Meanwhile back at base camp Helen Lee had come back from Kathmandu and was waiting with our BC manager Chewwang for the outcome. Camps rang with shouts of joy as some of the teams began to summit.

I was certainly very, very annoyed at my mask failing me but at that particular moment I was on my way down with a mission, since HAPE was still on my mind. At Camp 2 I immediately visited Lana, the doctor for the Croatian team, who pronounced my lungs free of liquid, but that I probably had advanced mountain sickness, for which she gave me an injection of dexamathasone. I was breathing oxygen now, the mask worked lower down, but I knew my lungs were shot. Next day at Base Camp, after a pretty tortuous descent in very slippy conditions, Eric at HRA did more tests and suggested that in fact I had suffered acute hypoxia at 8500 metres and was pretty strong to walk all the way down unaided.

Eddie meanwhile had slept a night at the south col after his descent, and was now at camp 2, enroute back to base camp. We were nearly all back together again after several days.

Base Camp was falling apart; boulders falling down everywhere as the ice just gave way. You had to be careful walking around. We decided to get out quick since in a few days there would be a shortage of yaks as all the big teams began to dismantle their operations. I went to say cheerio to Damien Benegas. His selfless behaviour at the Balcony to save the life of Martin Byrne (and of course the heroic climb back up to the Balcony of his brother  Willie) was reflective of an attitude he has maintained throughout the whole season. He helped save the life of my cook Ngima, along with the all the doctors, he helped organise the search and rescue of the Sherpa who died in the icefall collapse, and he was always there at the right time, doing the right thing, when it was necessary. And he got his team to the top. A pleasure working with him.

I knew it would be a hard walk down but I didn’t expect my body to react so badly! The weather has been awful, really cold and wet and windy. A fever set in almost immediately. What with the knackered lungs and tiredness I have struggled to get here to Namche. Yesterday the hill after Thangboche nearly broke me, I was quite delirious, but I made it.
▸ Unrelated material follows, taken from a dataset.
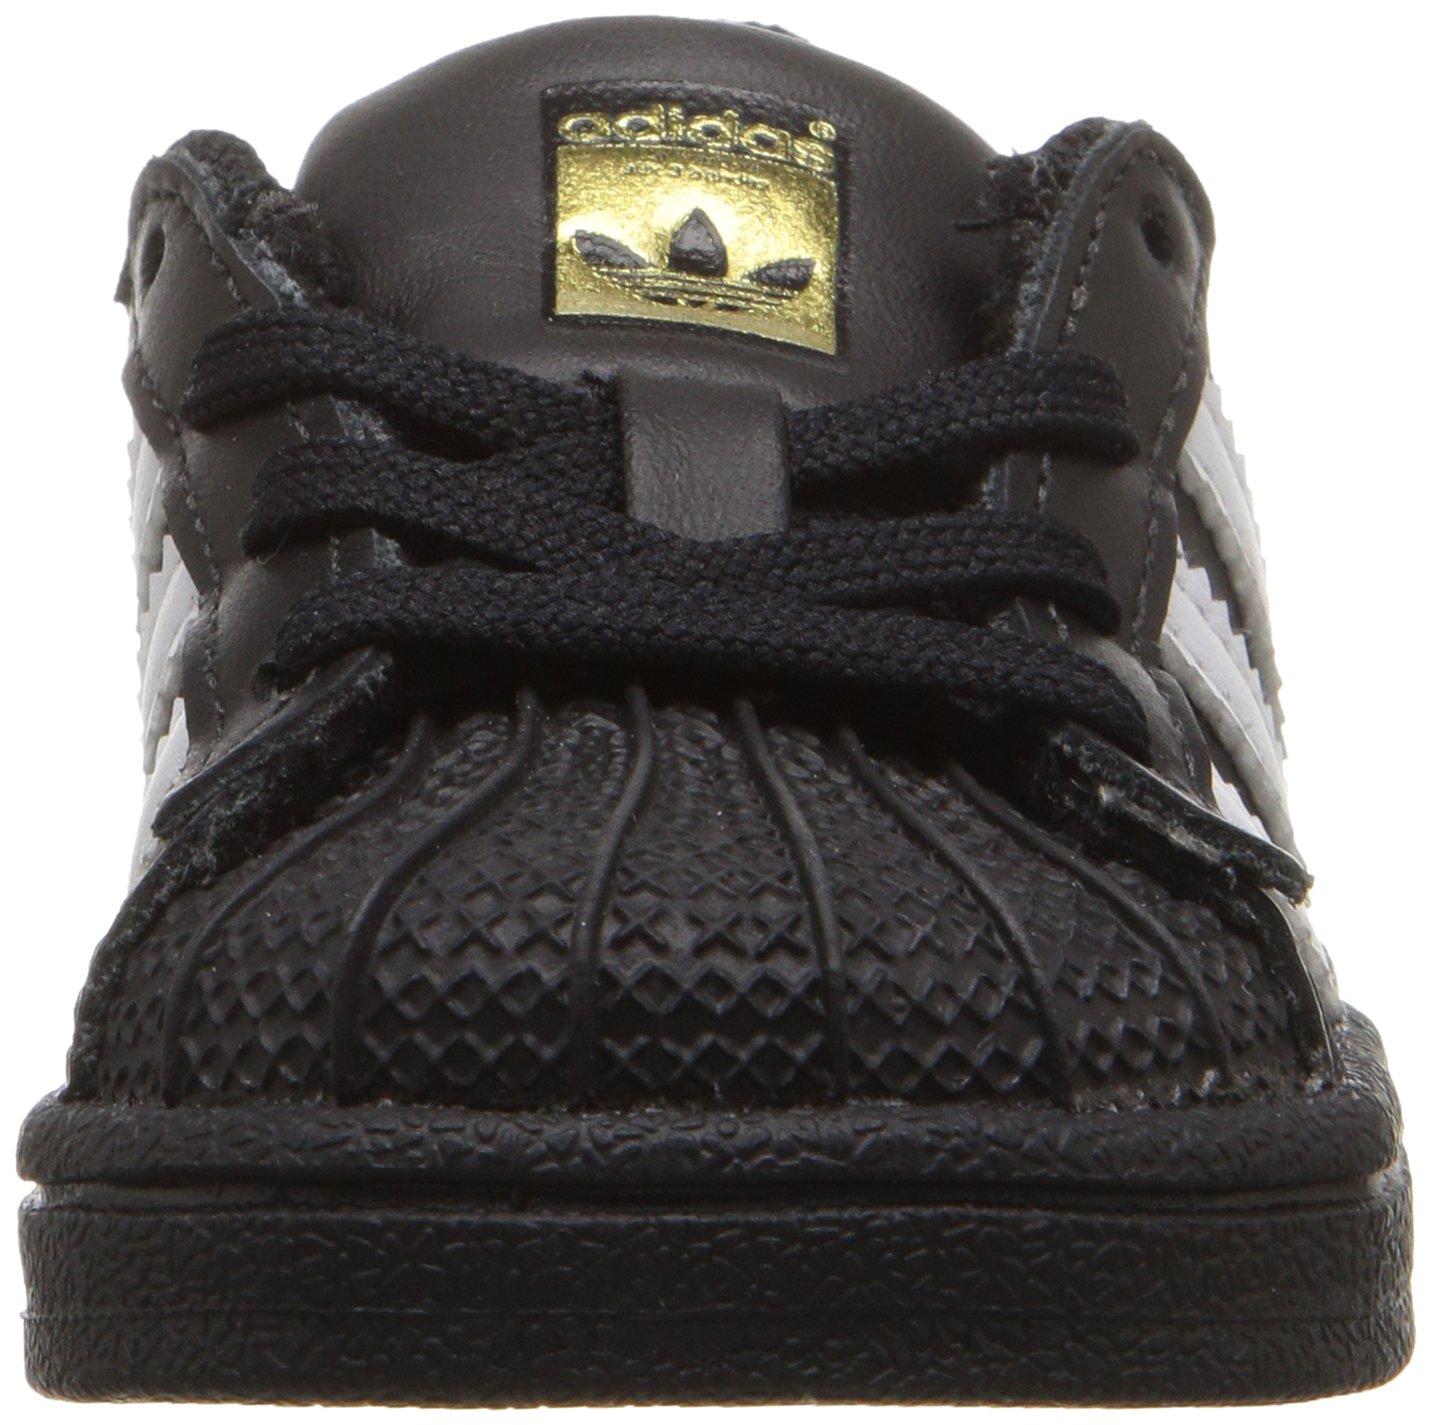 adidas piccola superstar nero / bianco, che, b07bxdmrhv bianco / core 19975

I have an appointment with a monastery about a hundred miles away which Moving Mountains has completely rebuilt in the past year. It is going to be a big affair with lamas and monks coming from afar.

Inside the monastery is a coat, a golden coat which is 350 years old, and was hidden behind some wood panelling during the Maoist troubles. It hasn’t seen the light of day for 20 years. I was shown it last year and told that it possesses magical powers. Many years ago, the original gurus who had migrated from Tibet to Nepal, especially after the Chinese occupation, used this coat to fly from Bumburi (the name of the village) up to Thyangboche monastery and even over the Himalaya. Nothing like it exists elsewhere. The coat is now on display in a special glass case which we built in the porch of the monastery, a piece of Buddhist legend which MM has now helped to preserve. I could have done with that coat the other night..!

Actually I’ve decided to rest today here in Namche, the fever has gone down this morning (103 yesterday!) but the cough is still there. My body is producing a phenomenal amount of mucus to protect the lungs, so thats all good.
Eddie is good too, but he also was unable to apply suncream for his descent and his face looks like someone has placed a very burnt pancake onto it. He looks about 70 at the moment as it crusts and peels. Two little surprised eyes peer out from the wreckage of sunburn, but he is at least enjoying drinking beer again.

Helen unfortunately suffered a pretty bad bout of the Khumbu cough on her last day at base camp and she has had her own tribulations coming down, coughing and hacking. Sometimes these coughing fits are so bad that you retch, and are left trembling and panting for many minutes afterwards. It’s completely unfair really, since Helen had come back very fast from Kathmandu and was caught out literally on the last day.

As Messner said, “the mountains are not fair or unfair, they are just dangerous”.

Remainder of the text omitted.